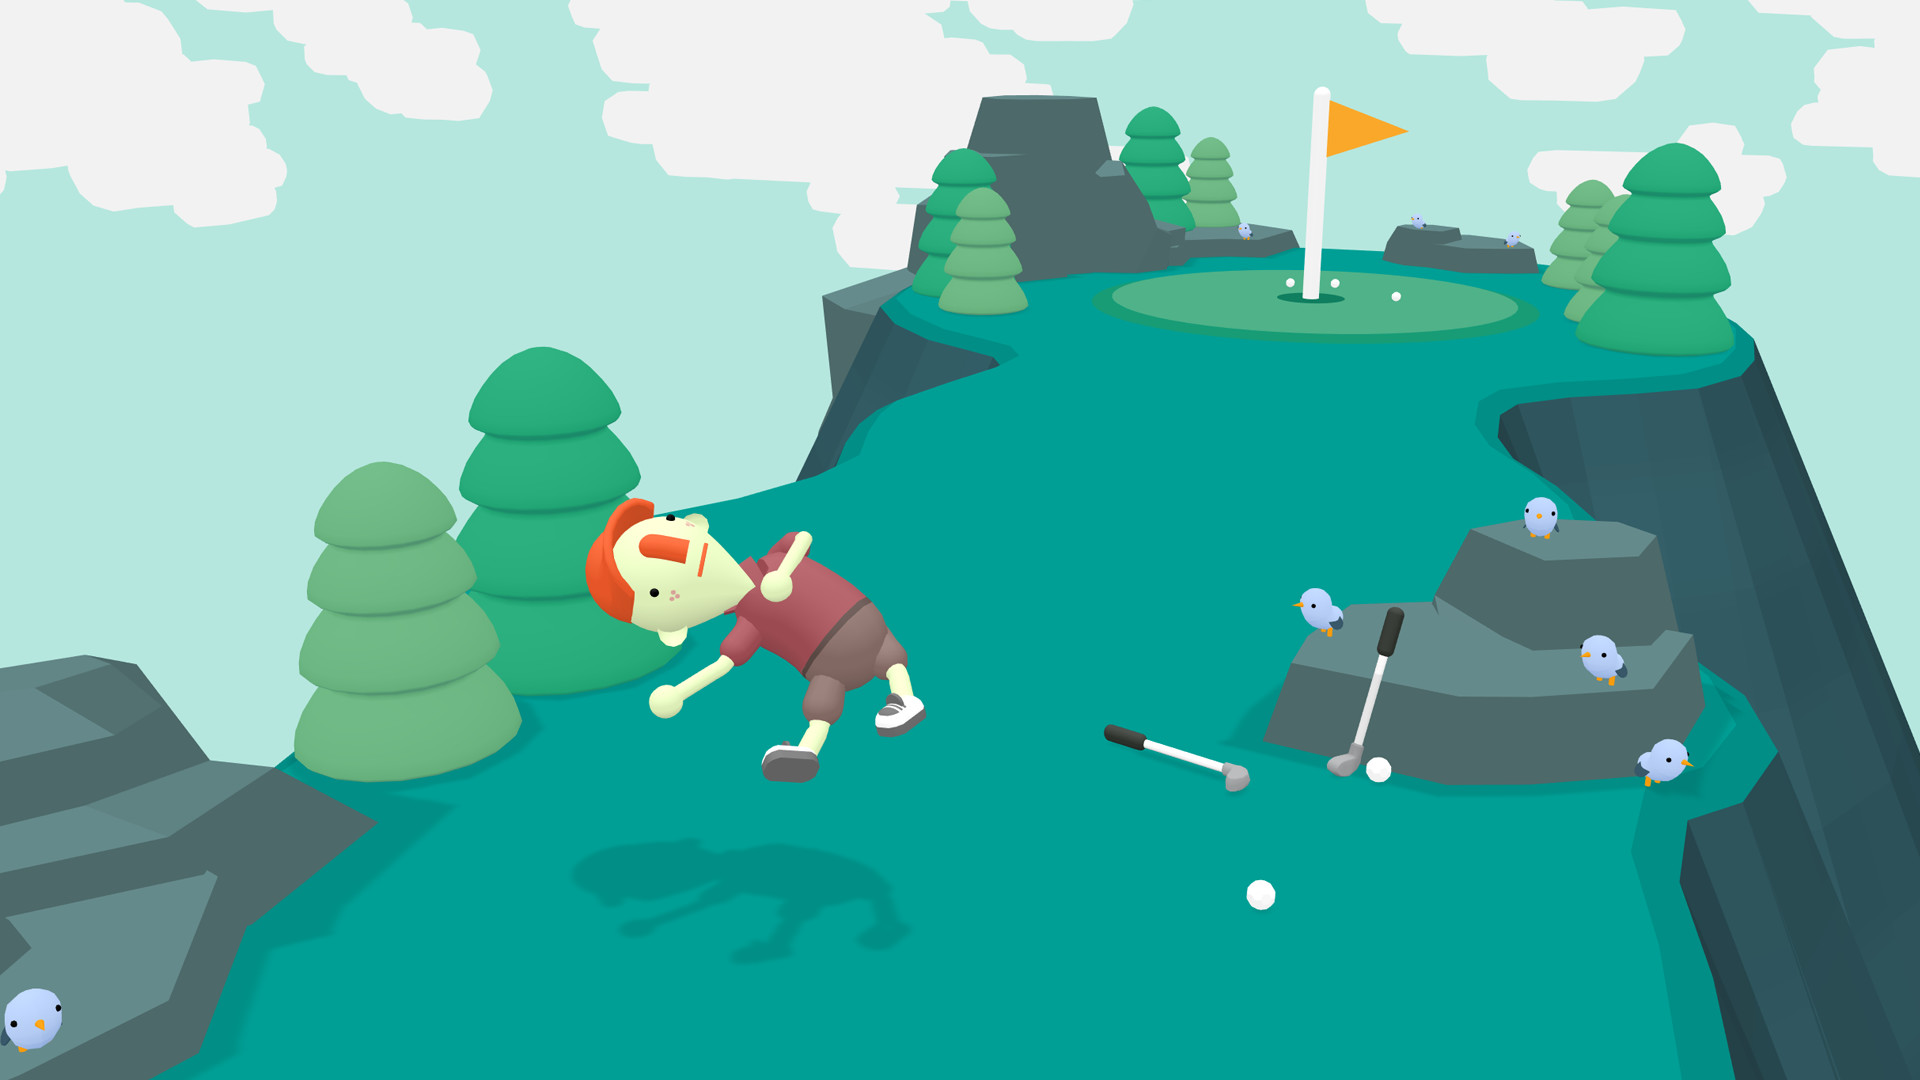 WHAT THE GOLF? on Steam
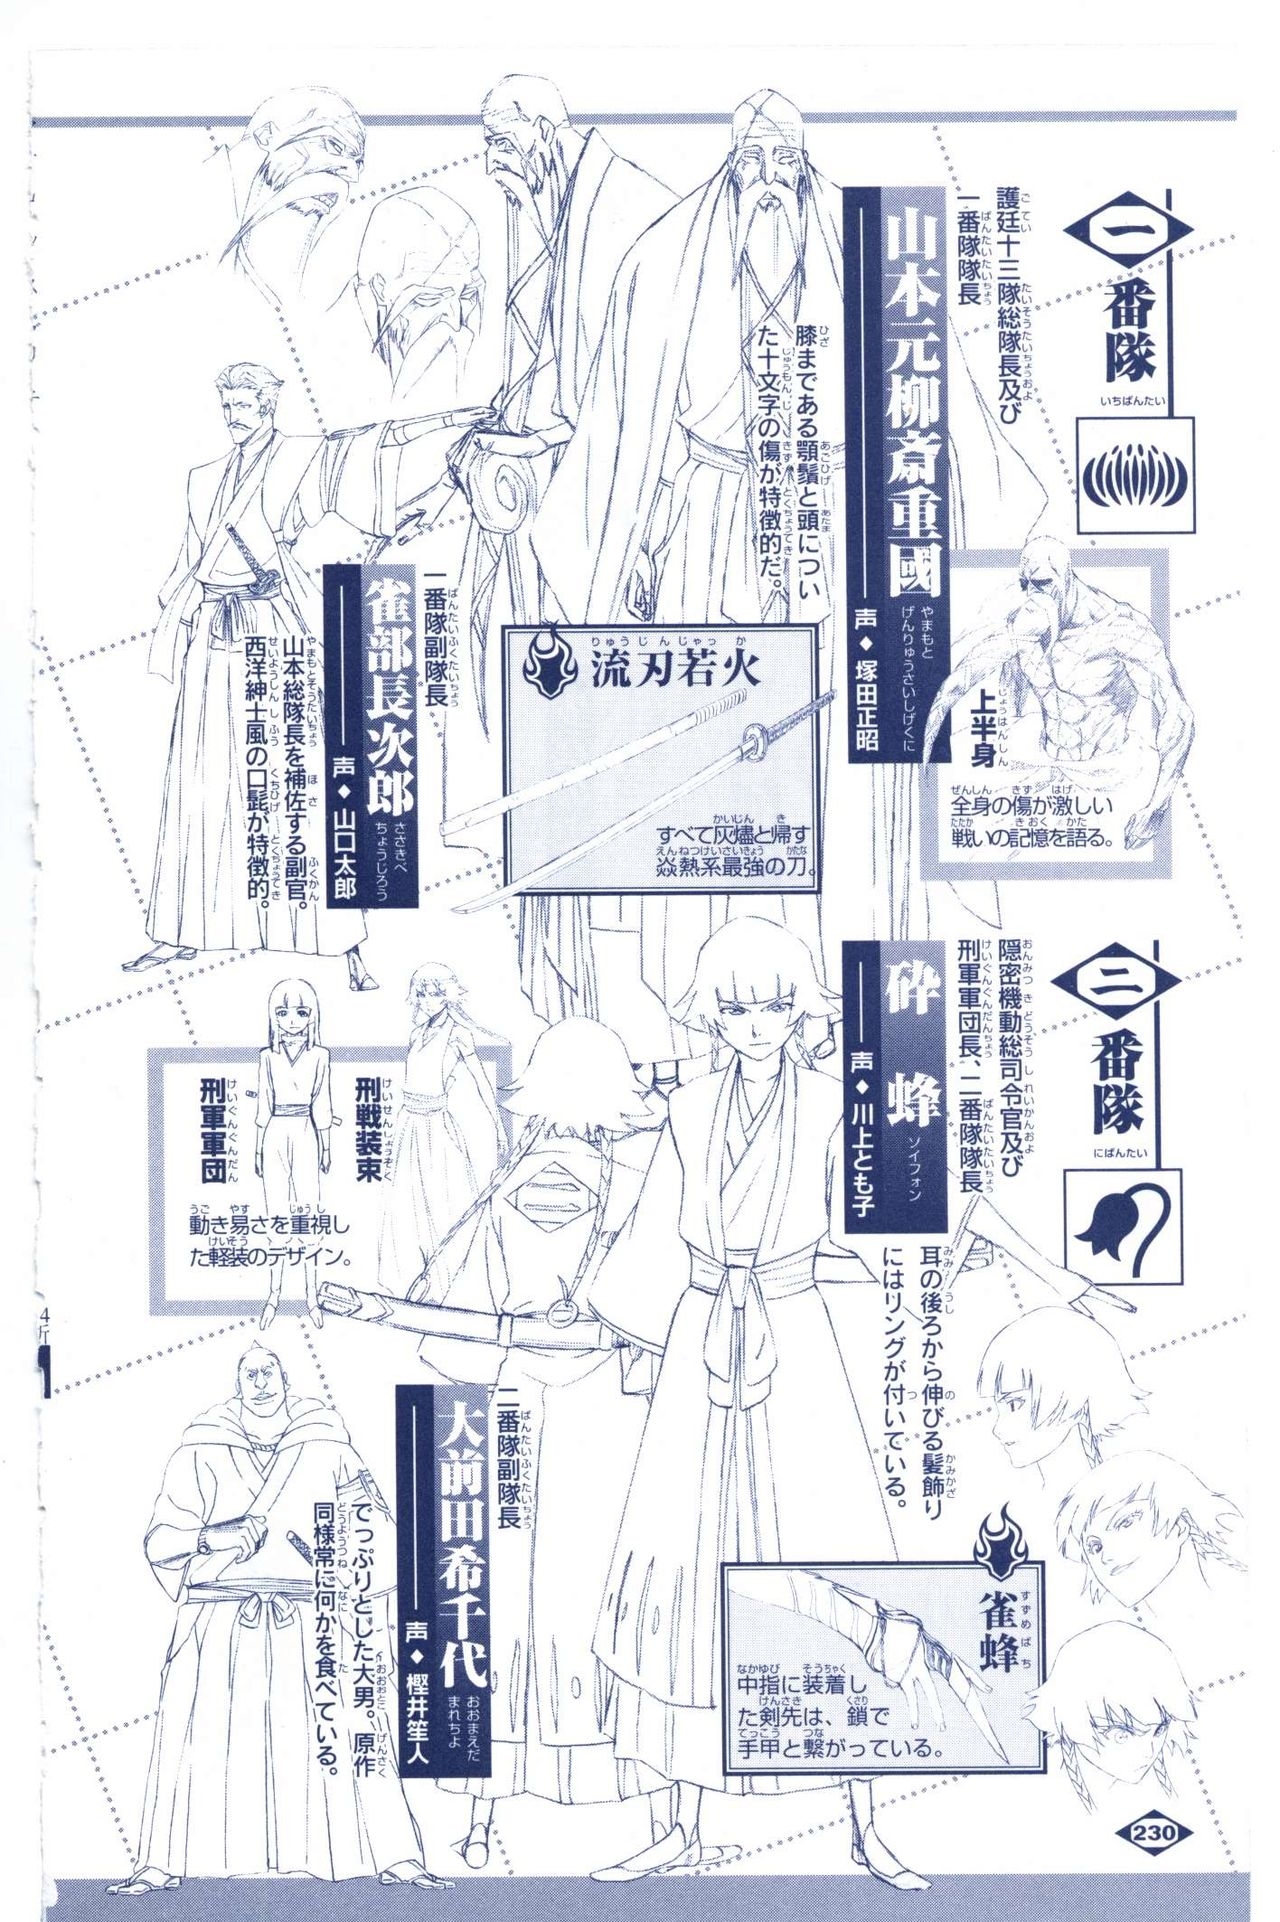 Bleach: Official Animation Book VIBEs 230
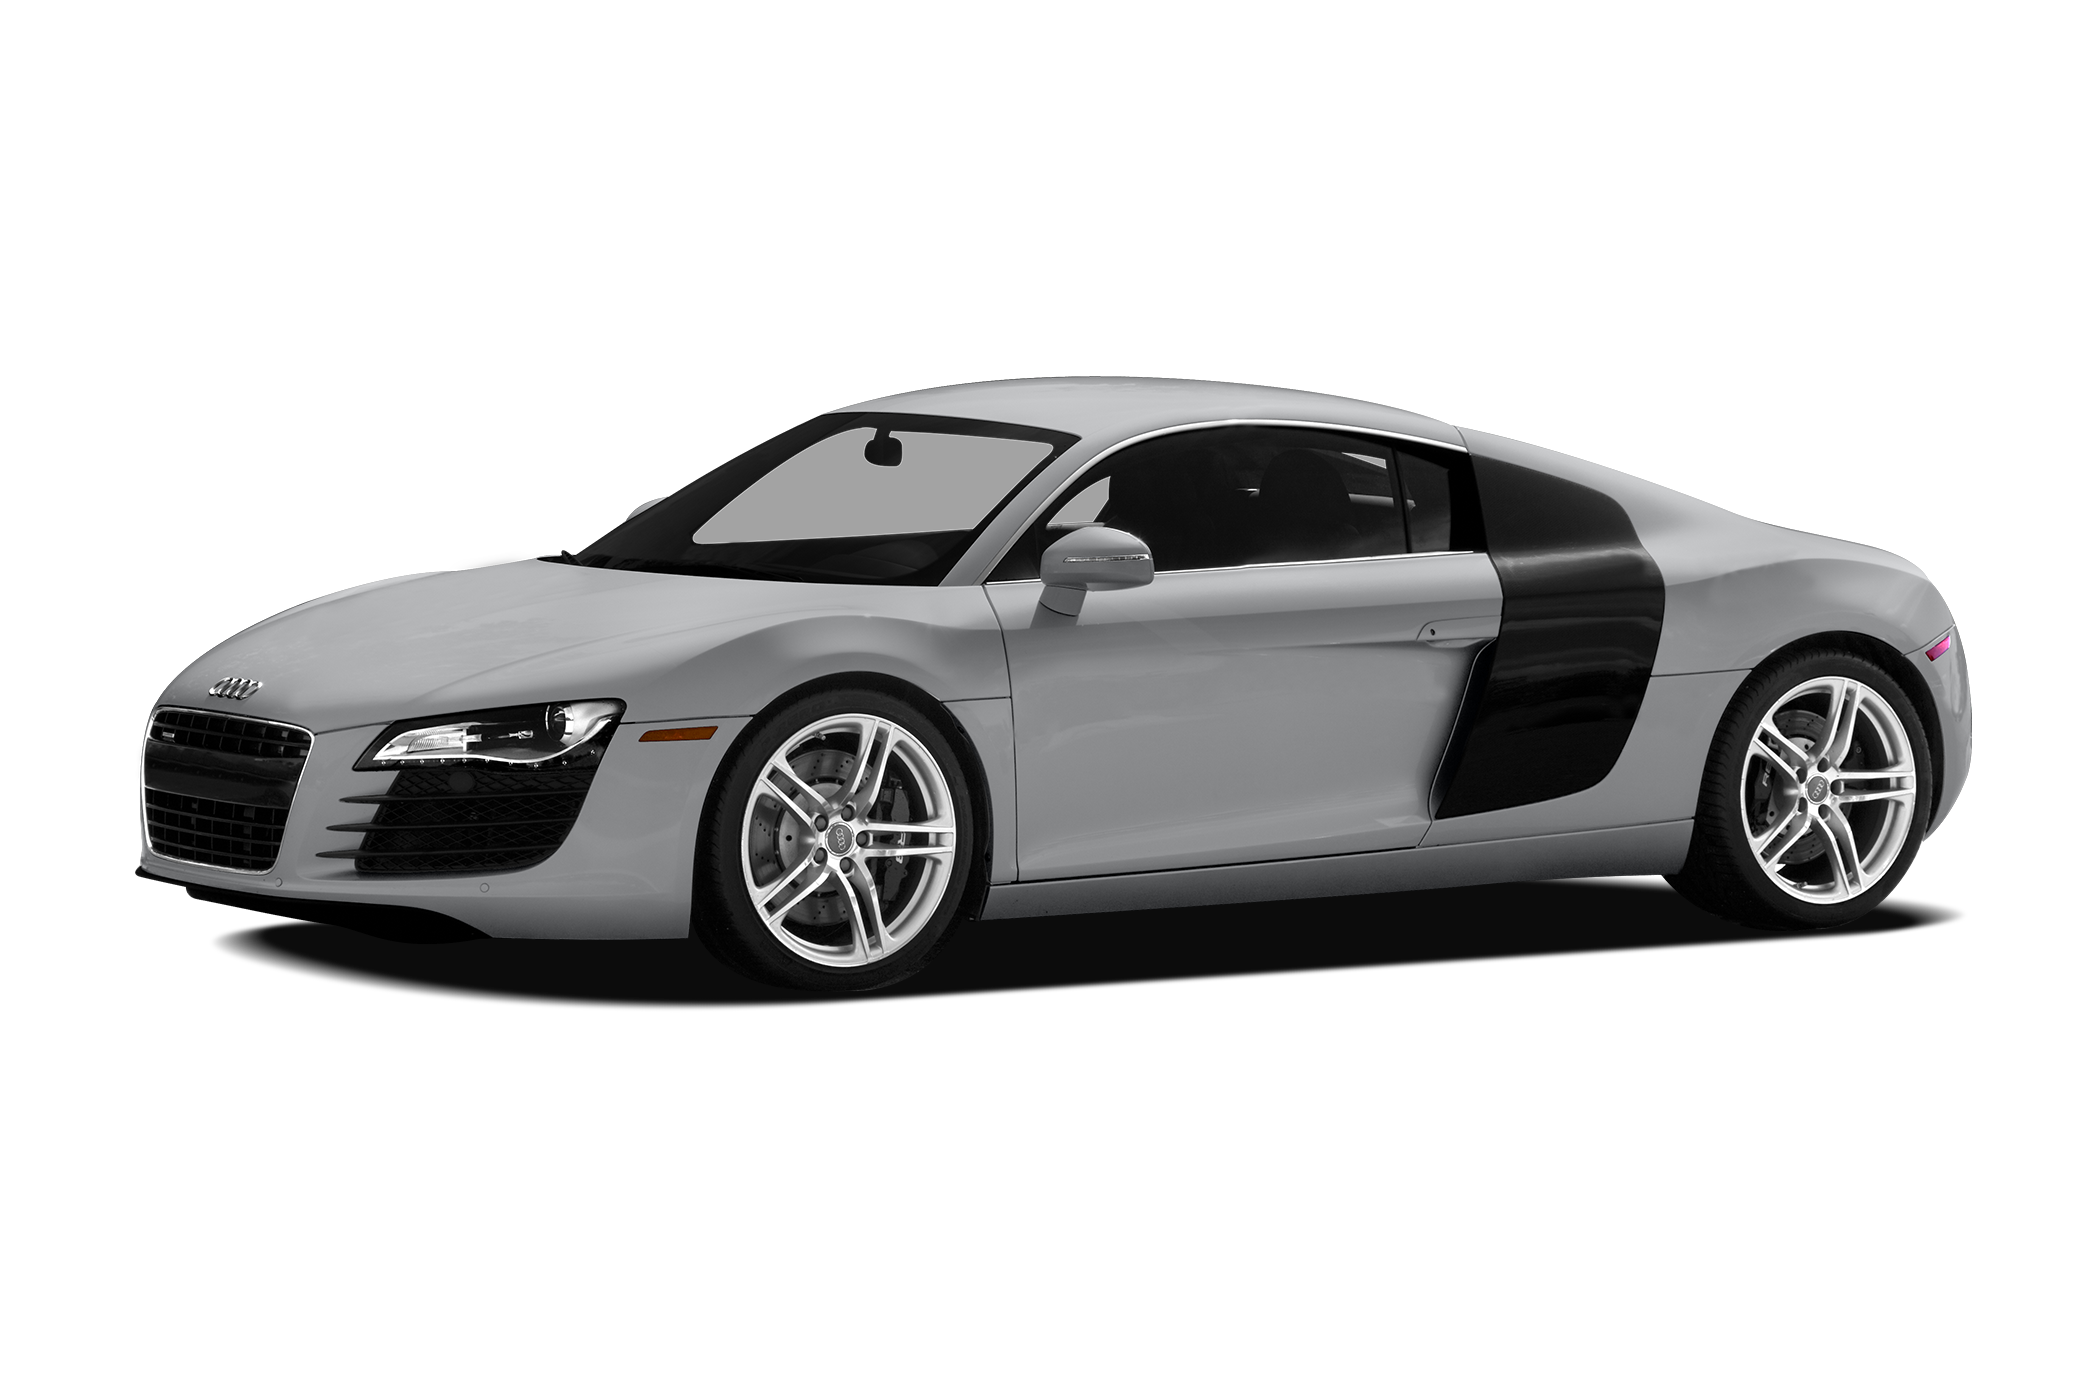 Used 2009 Audi R8 For Sale Near Me 1296

Exercise directions » Take the lines from the one holding "Bleach: Official Animation Book VIBEs 230" through the last line of the data above and copy them exactly, both ends included, omitting all pictures.

Answer box »
 Bleach: Official Animation Book VIBEs 230
 Used 2009 Audi R8 For Sale Near Me 1296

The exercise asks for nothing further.